Messi, Mbappé and Haaland are level on seven goals. Kane has six. Ronaldo remains part of the wider star conversation because every Portugal match could be his last World Cup night.
The Golden Boot is no longer just a scoring chart.
It is the tournament inside the tournament.
One Kane goal against Norway could pull him level with Haaland. One Haaland goal could put him ahead of Messi and Mbappé. One Messi free kick could make the football world stop again. One Mbappé penalty could push him closer to records that once seemed untouchable.
This is why star power matters.
It gives every attack a second meaning.
The ball is not only moving toward goal.
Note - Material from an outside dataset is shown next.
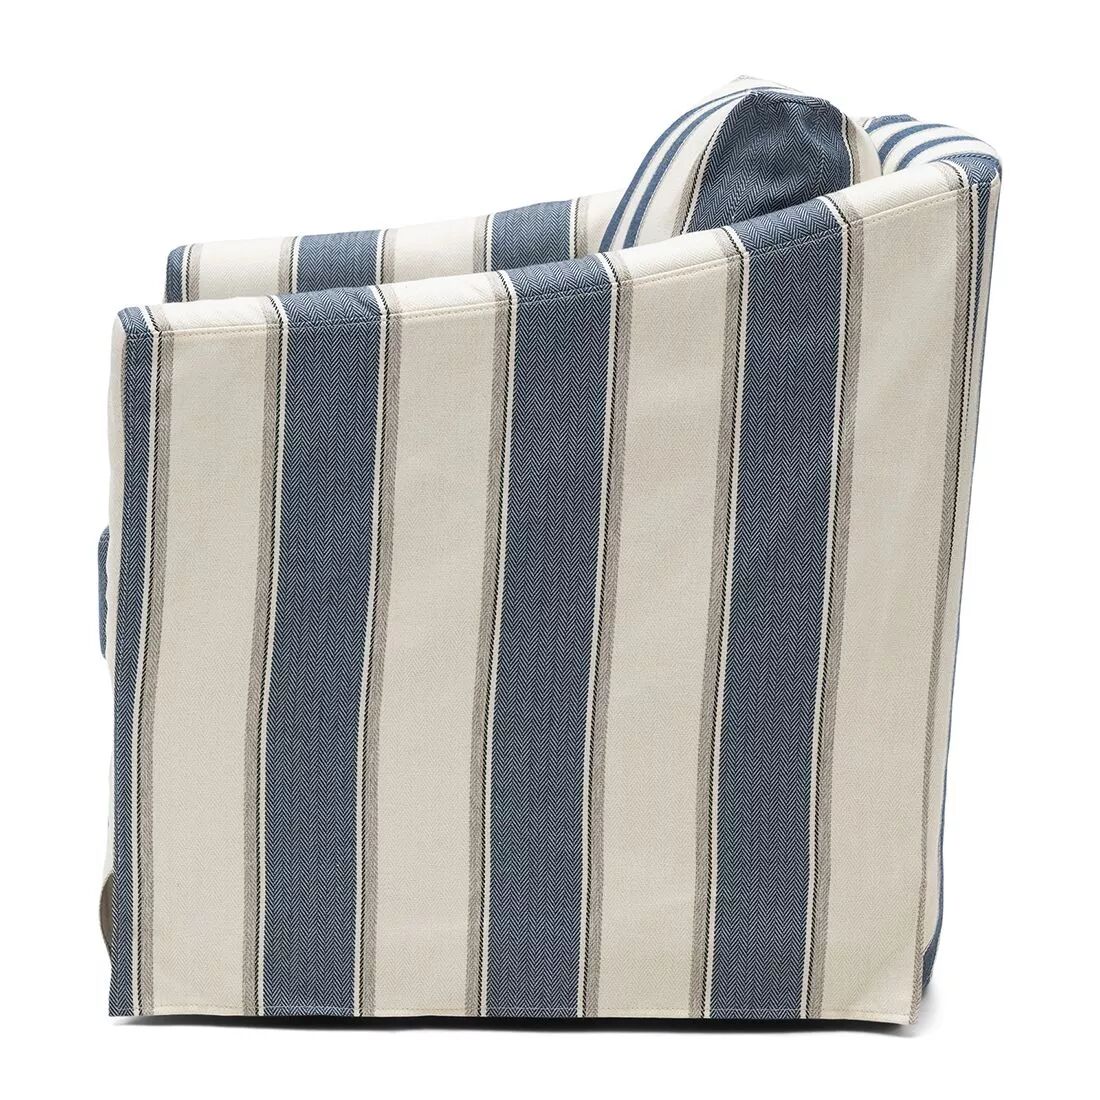 Fotel obrotowy Moretta 77x80x82cm striped weave blue stripe

It is moving toward history.
Why this World Cup suddenly feels like a classic
Before the tournament, the fear was that expansion would make the World Cup weaker.
Forty-eight teams. One hundred and four matches. More places, more games, more risk of imbalance. FIFA itself describes 2026 as the biggest edition in tournament history.
But the knockout rounds have created the answer the tournament needed.
The expanded format gave us scale.
The stars gave it a heartbeat.
Argentina were pushed to extra time by Cape Verde. France had to grind past Paraguay. England survived Mexico with 10 men. Norway sent Brazil home. Portugal and Spain are preparing for a night that could define Ronaldo’s farewell.
This is not a diluted World Cup.
This is a dangerous one.
And danger is exactly where great players become unforgettable.
When Messi receives the ball, everyone leans forward.
When Mbappé starts running, the stadium changes sound.
When Kane stands over a penalty, England holds its breath.
When Ronaldo looks toward goal, the past walks beside him.
When Haaland waits between centre-backs, every cross feels loaded.
The biggest World Cup ever has become something sharper than a festival and more dramatic than a long schedule.
It has become a stage.
https://www.youtube.com/watch?v=P6gQ3s2Nntc
Messi, Mbappé, Kane, Ronaldo and Haaland all arrived carrying different versions of greatness. One is fighting time. One is chasing history. One is carrying England. One is staring down the end. One has just knocked out Brazil.
Now Kane meets Haaland.
The Golden Boot race is burning.
The quarter-finals are waiting.
And the World Cup of Stars has fully arrived.